質問3.ブリンシドフォビルに関する経験と、静脈内投与製剤の開発についてのお考えをお聞かせください。

私は2010年からブリンシドフォビルの経口剤の開発に携わっており、当時、キメリックス社は、拡大アクセスプログラムをもっており、そのプログラムを通じて私たちはあらゆるdsDNAウイルスによる感染の治療を行うことができました。ブリンシドフォビルの抗ウイルス作用は、コンパッショネートユースプログラムで明らかになりました。 サイトメガロウイルス、アデノウイルス、BKウイルス、HHV-6を含むすべてのdsDNAウイルスのウイルス量が大幅に減少することに目をみはりました。また、コンパッショネートユースプログラムで使用した経口ブリンシドフォビルの用量はかなり高かったため、消化器系への副作用がありました。
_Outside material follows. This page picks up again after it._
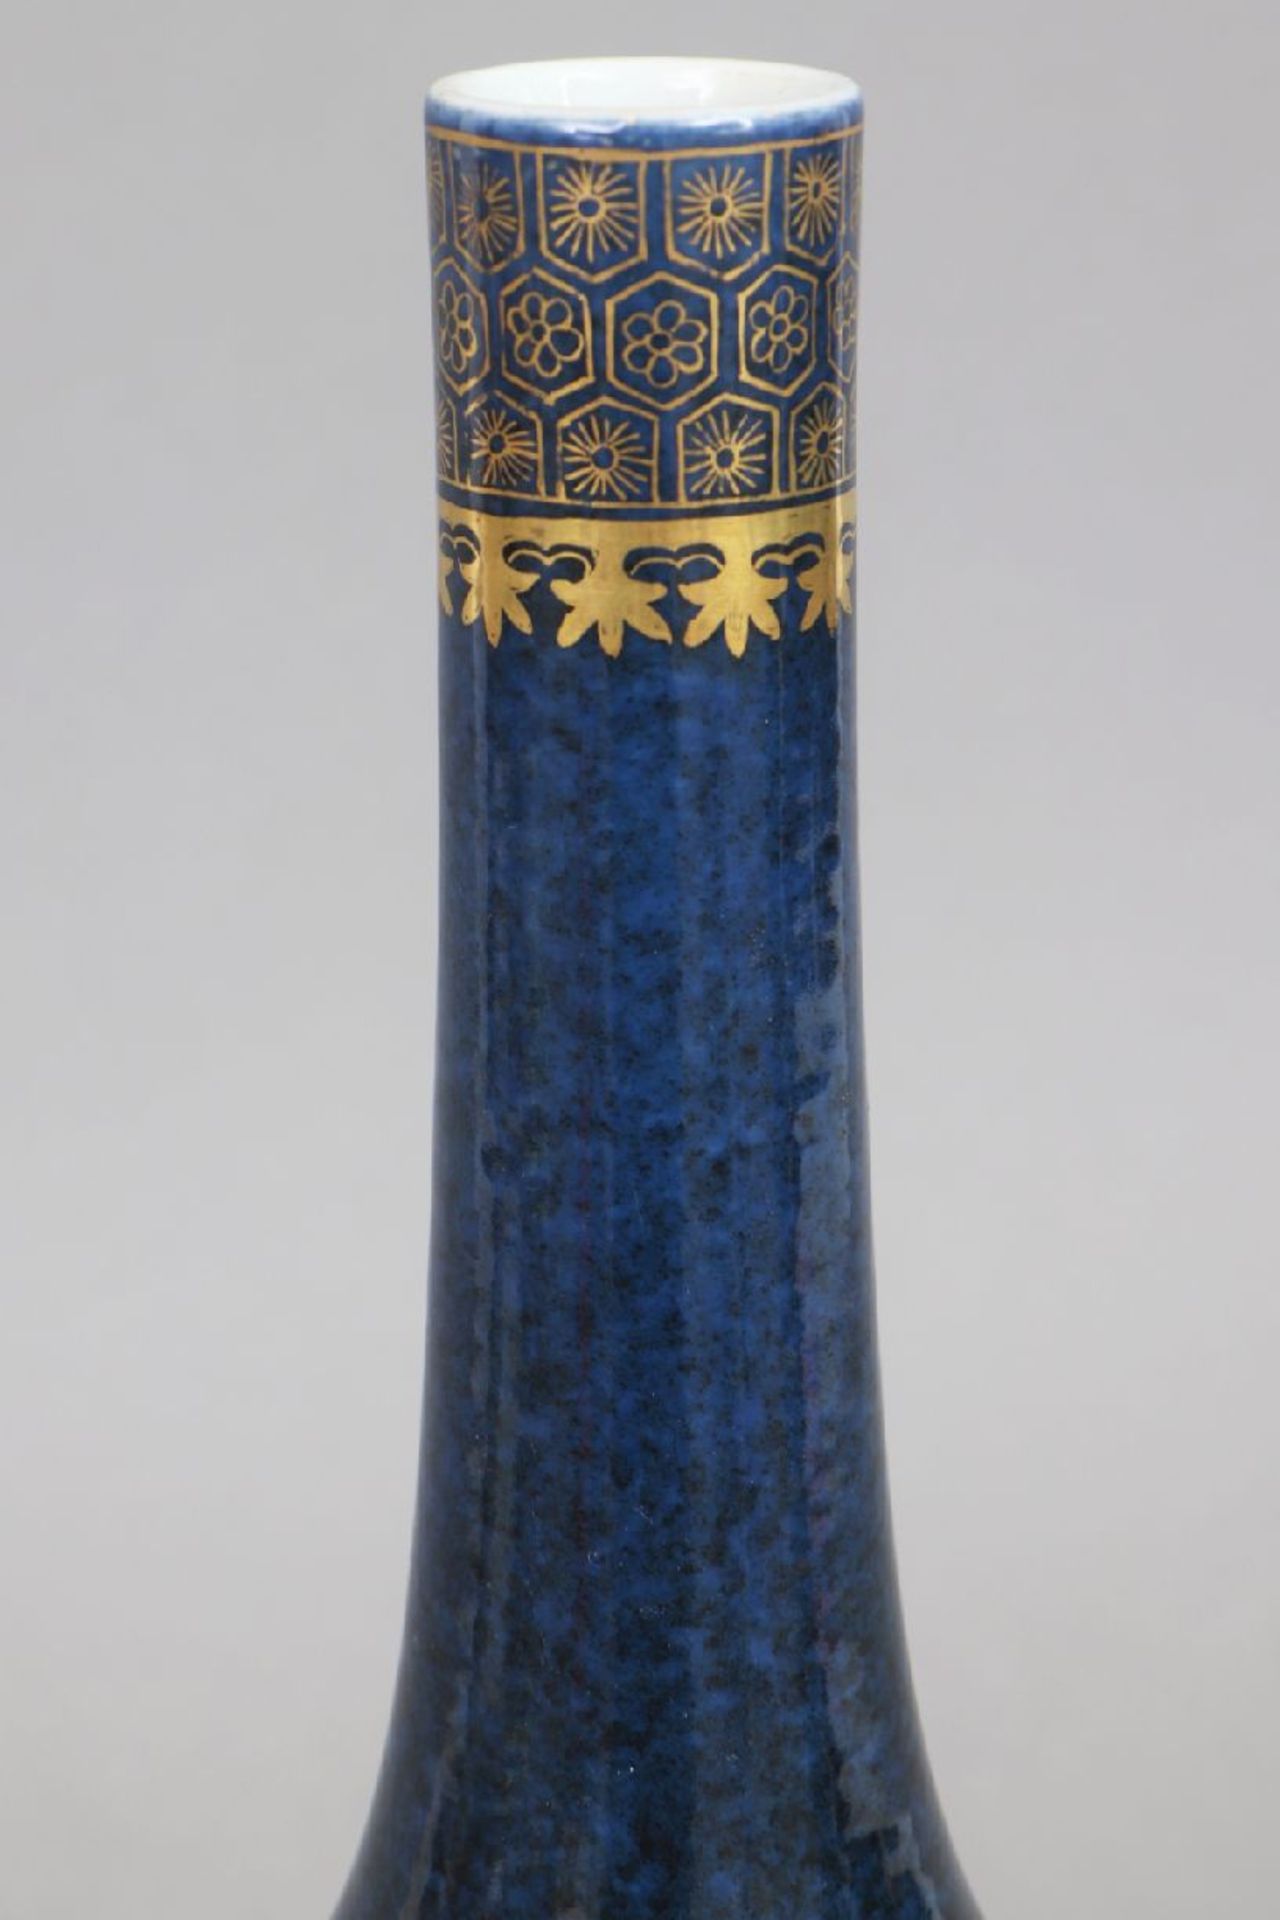 Chinesische Porzellanvase mit powder-blue Glasur und Goldmalereibauchiger Korpus mit schlankem, - Bild 3 aus 5

このような副作用は、服用を続けると重篤化する可能性があるため、ds DNAウイルスに対するブリンシドフォビルの経口剤の開発は中断されました。その後、適切な用量範囲が明らかになり、綿密なモニタリングと用量調整により、ある特定の患者さんには慎重に使用することができるようになりました。 しかし、ブリンシドフォビルは経口剤のままでは広く使用することはできません。別の剤型が必要だと考えています。ブリンシドフォビルは多くのウイルスに対して非常に有効な抗ウイルス薬ですが、より安全な製剤が必要なのです。
そのため、私はブリンシドフォビルの静脈内投与用注射剤の開発に非常に期待しており、その進捗を注視しています。dsDNAウイルスによる感染に有効で安全な治療法を提供することで、患者さんを救うことができる可能性があると信じています。感染症は、移植片対宿主病とともに、幹細胞移植後の非再発死亡の主な原因となっています。 ブリンシドフォビルが、患者さんのdsDNAウイルス感染による罹患率と死亡率を低下させる可能性に、私はとても興奮しています。

メモリアル・スローン・ケタリング癌センター 感染症部 医師 ワイルコーネル医科大学 教授 ジェノヴェファ・パパ二コラ 先生

質問4.最近、自己免疫疾患の多発性硬化症が、実はEBウイルスによって引き起こされている可能性を示唆する論文が発表されました。

メモリアル・スローン・ケタリング癌センター 感染症部 医師 ワイルコーネル医科大学 教授 ジェノヴェファ・パパ二コラ 先生

その論文の要約を読みました。非常に興味深く、エキサイティングな論文だと思います。これからも、dsDNAウイルスとヒトの病気との関係については、さらに解明が進むと思います。この論文の結果が検証されれば、この深刻な病気の治療や予防のための大きなチャンスとなります。